Is Your AI Analyst Lying? Uncomfortable Truths Revealed

Webinar recap: Andy Cotgreave (co-founder, How to Speak Data) and Francois Lopitaux (SVP of Product, ThoughtSpot) on hallucinations, accountability, and what it actually takes to trust AI with your data.

📌 Key takeaways

  • 1. Polish is not proof. A wrong AI answer looks identical to a right one, and we're wired to trust anything that looks clean and authoritative.
  • 2. If you can't validate it, you're flying blind. Accountability lands on whoever signs off on the number, so any tool worth deploying has to show its work.
  • 3. Determinism comes from architecture, not better prompts. Keep the LLM away from the step where it's most dangerous (generating the query) and the same question returns the same answer every time.
  • 4. "Single source of truth" is marketing. The realistic goal is one governed, shared definition of what your metrics mean before the AI starts answering.
  • 5.The analyst isn't disappearing; the job is changing.
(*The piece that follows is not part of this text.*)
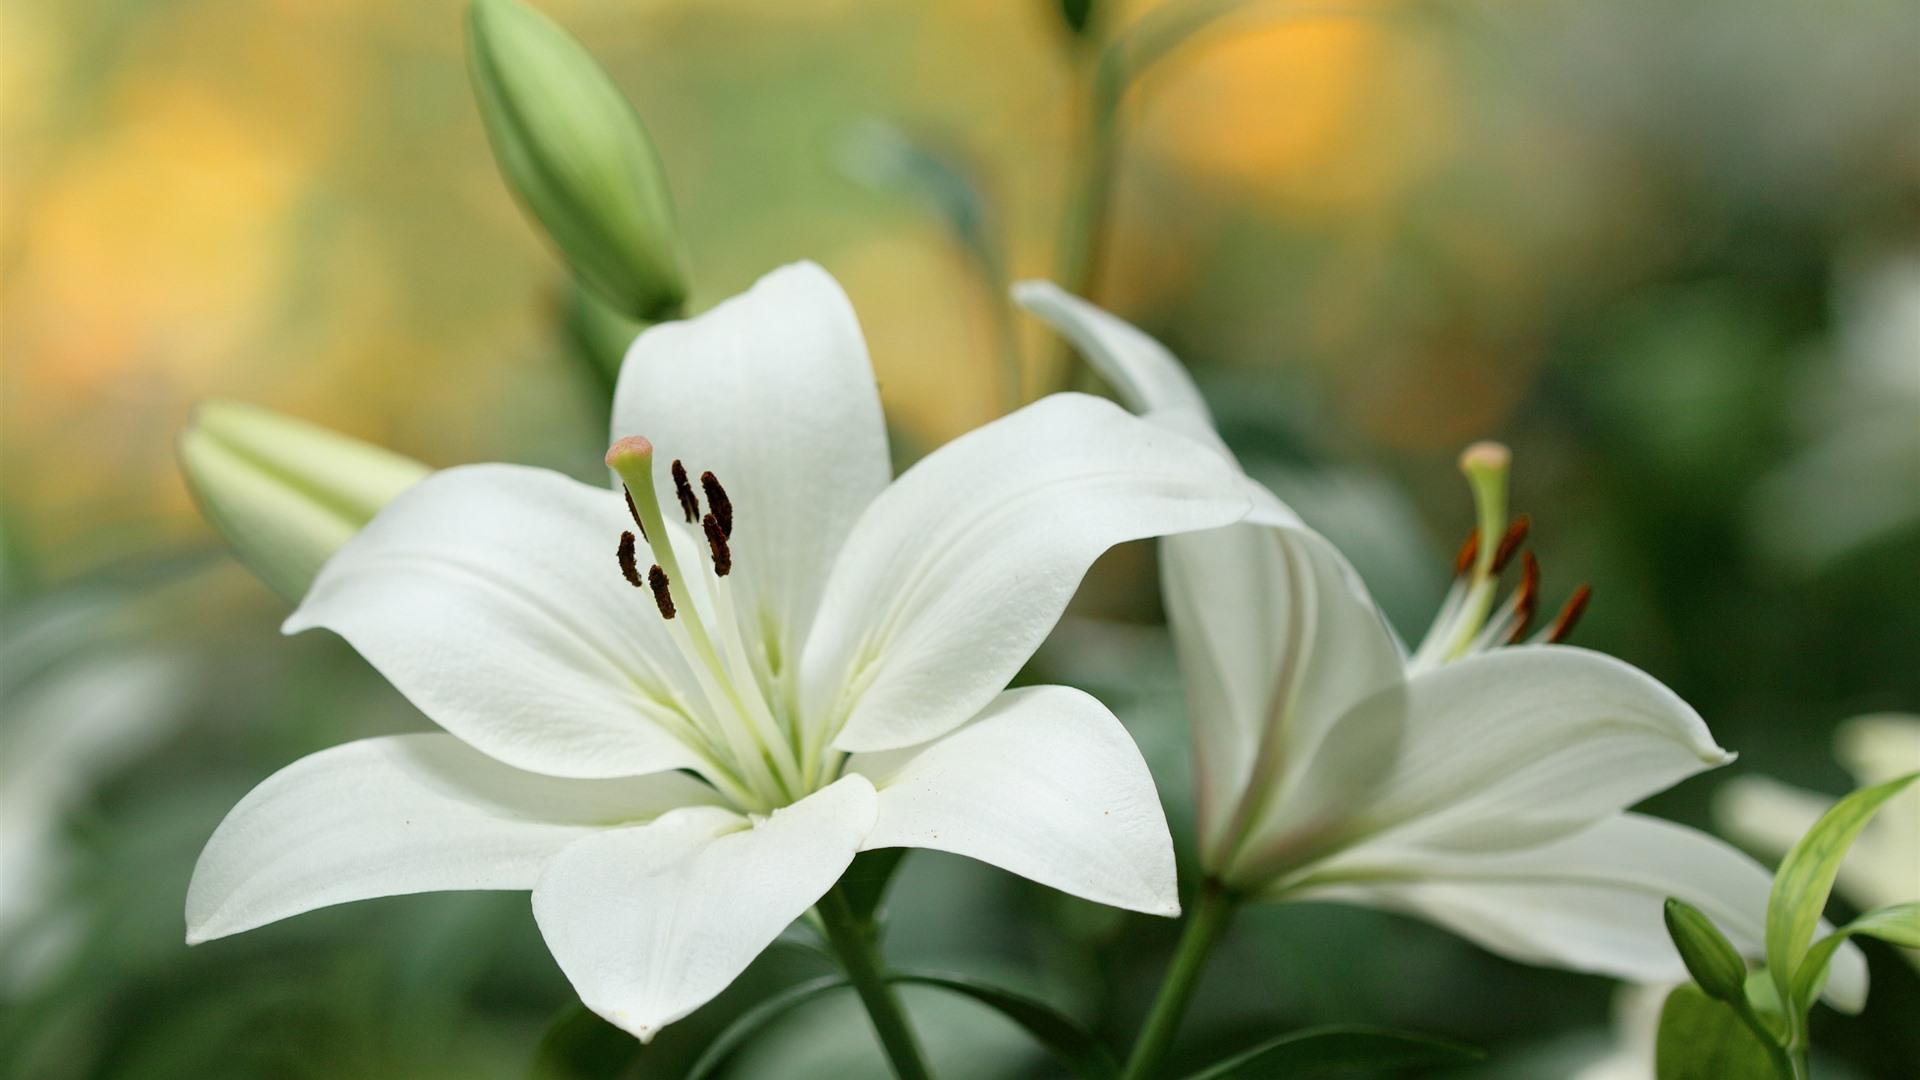 White-lily-flowers-close-up_1920x1080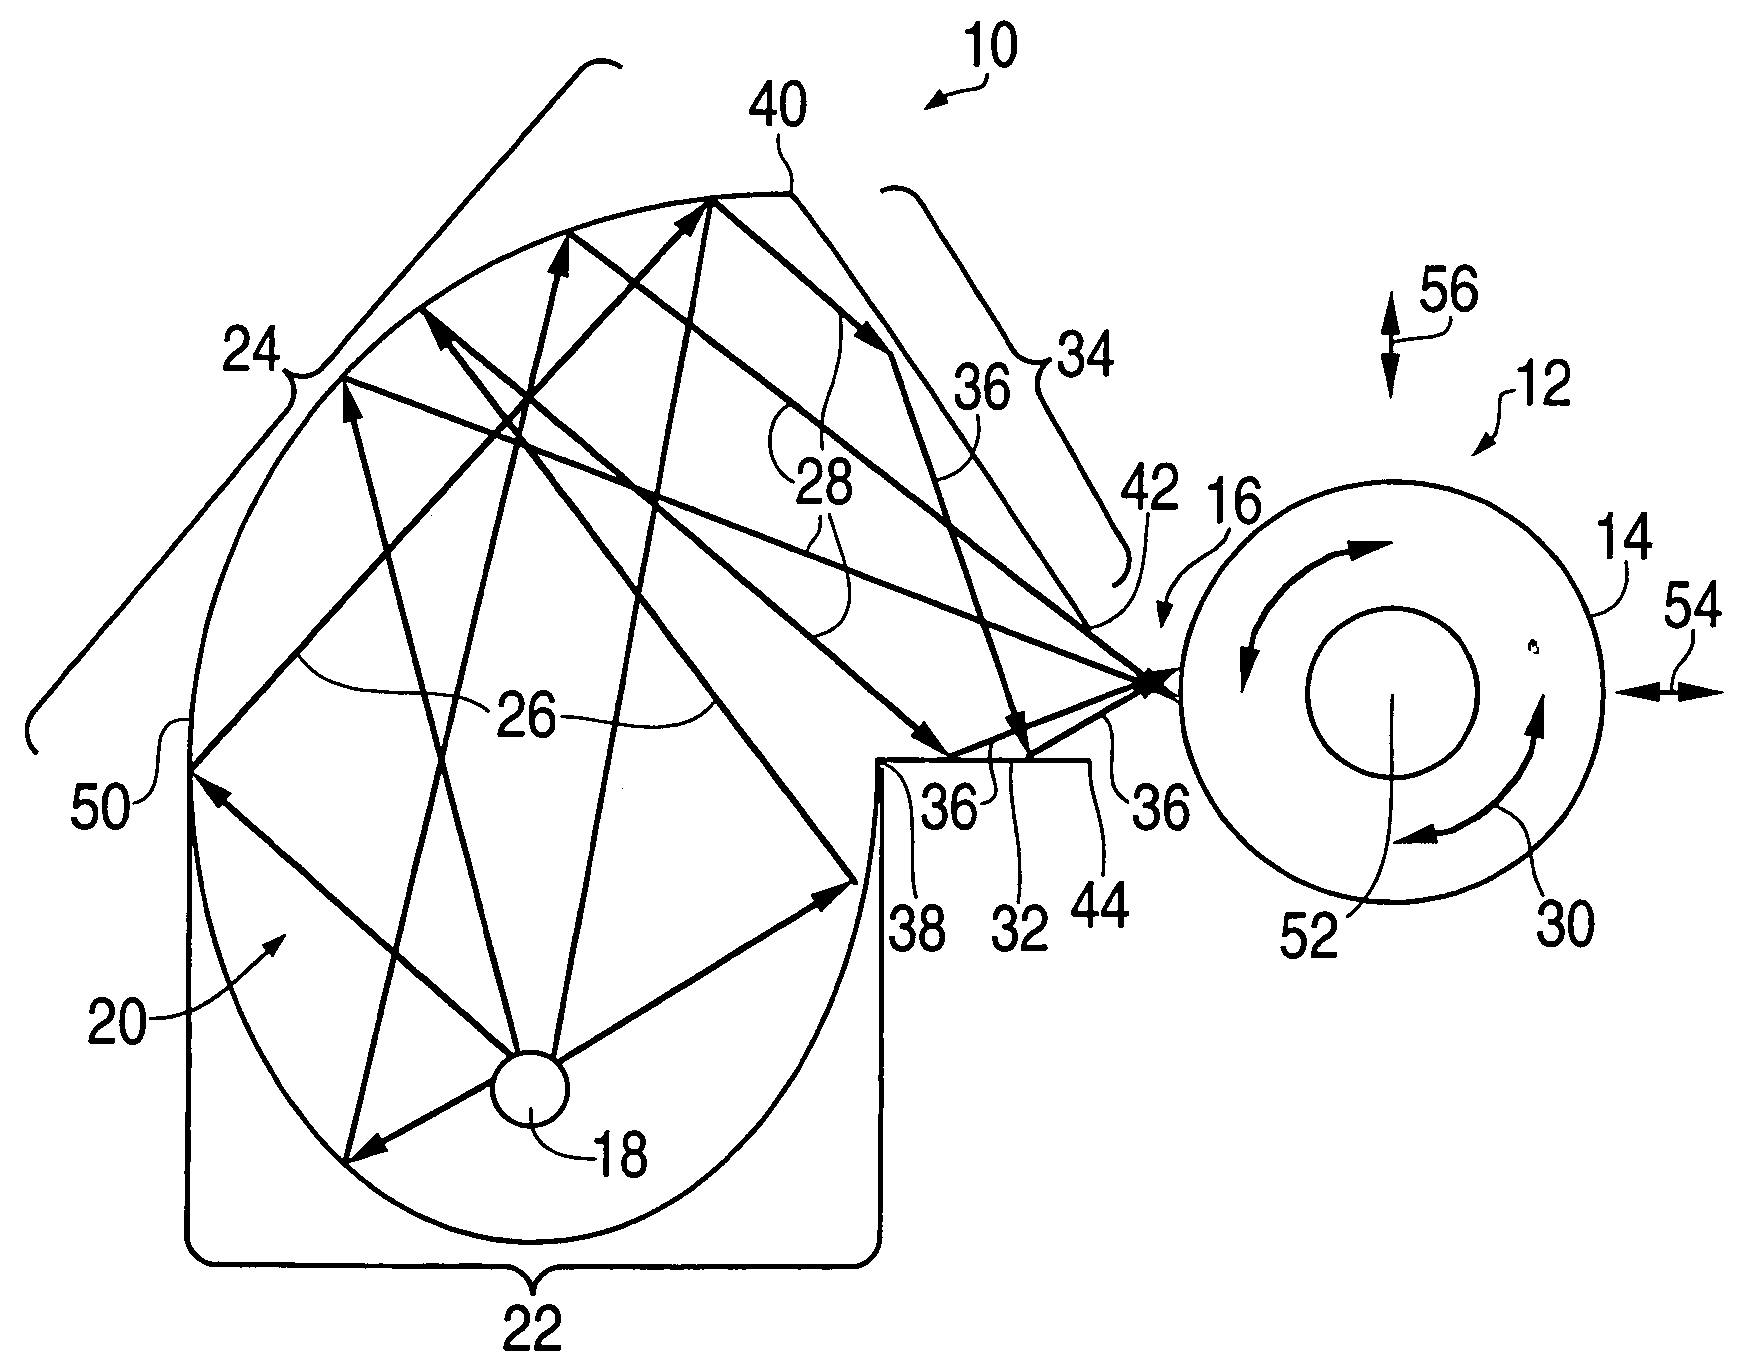 Apparatus and method for providing substantially uniform radiation of a three-dimensional object with at least one curved surface

The role shifts from building dashboards to managing agents and owning the semantic layer that keeps them honest.

If you've ever watched a colleague confidently present a number that turned out to be wrong (and only realized it after the decision was made), you already understand the tension at the heart of AI analytics. 

The tools are fast, fluent, and convincing; that's exactly the problem.

That tension ran through a recent ThoughtSpot session, Is Your AI Analyst Lying to You?, where Andy Cotgreave traded views with Francois Lopitaux, SVP of Product at ThoughtSpot. 

Andy spent 15 years at Tableau as Senior Data Evangelist before going independent; he co-authored The Big Book of Dashboards, runs the How To Speak Data newsletter, and is one of the most influential voices in the field on what AI is actually doing to analytics. 

So this wasn't a vendor-versus-skeptic standoff. Both agree AI is reshaping the discipline. The interesting disagreements were about how—and about who's left holding the bag when the AI gets it wrong.

Here are the five sharpest takeaways for anyone building, buying, or relying on AI-powered analytics.

How do you know if your AI analytics tool is giving you the right numbers?

Andy opened with a story. He'd asked an AI tool to build a dashboard from a US working population dataset. It produced something polished and completely authentic-looking. It wasn't until later, during a live stream, of all things, that someone pointed out the big KPI at the top was simply straight-up wrong. The model had hard-coded a hallucinated number and built calculations around it.

His point wasn't that the tool is useless. It's that we're wired to trust things that look right.

"As human beings, we are suckers for something that is visually appealing because this dashboard looked great."

— Andy Cotgreave

A rigorous analyst running something for production would verify those numbers. But that's not the scenario that worries him. 

The scenario that worries him is the CMO who needs a slide in the next hour, and the business user moving fast who has no reason to second-guess a clean-looking chart. “That's the variability that terrifies me,” Andy says. “The data analysts can do that rigorous stuff. But how do we help the people who are not data analysts, business users, who are working quick?”

That's the real exposure with AI analytics. It’s not that it can't produce a good answer, but that a wrong answer looks identical to a right one.

So who's responsible when AI gets it wrong?

This was the most debate-worthy moment of the conversation. Andy pressed the question directly: a business user asks something, gets a wrong number, and makes a consequential decision on it. Who owns that?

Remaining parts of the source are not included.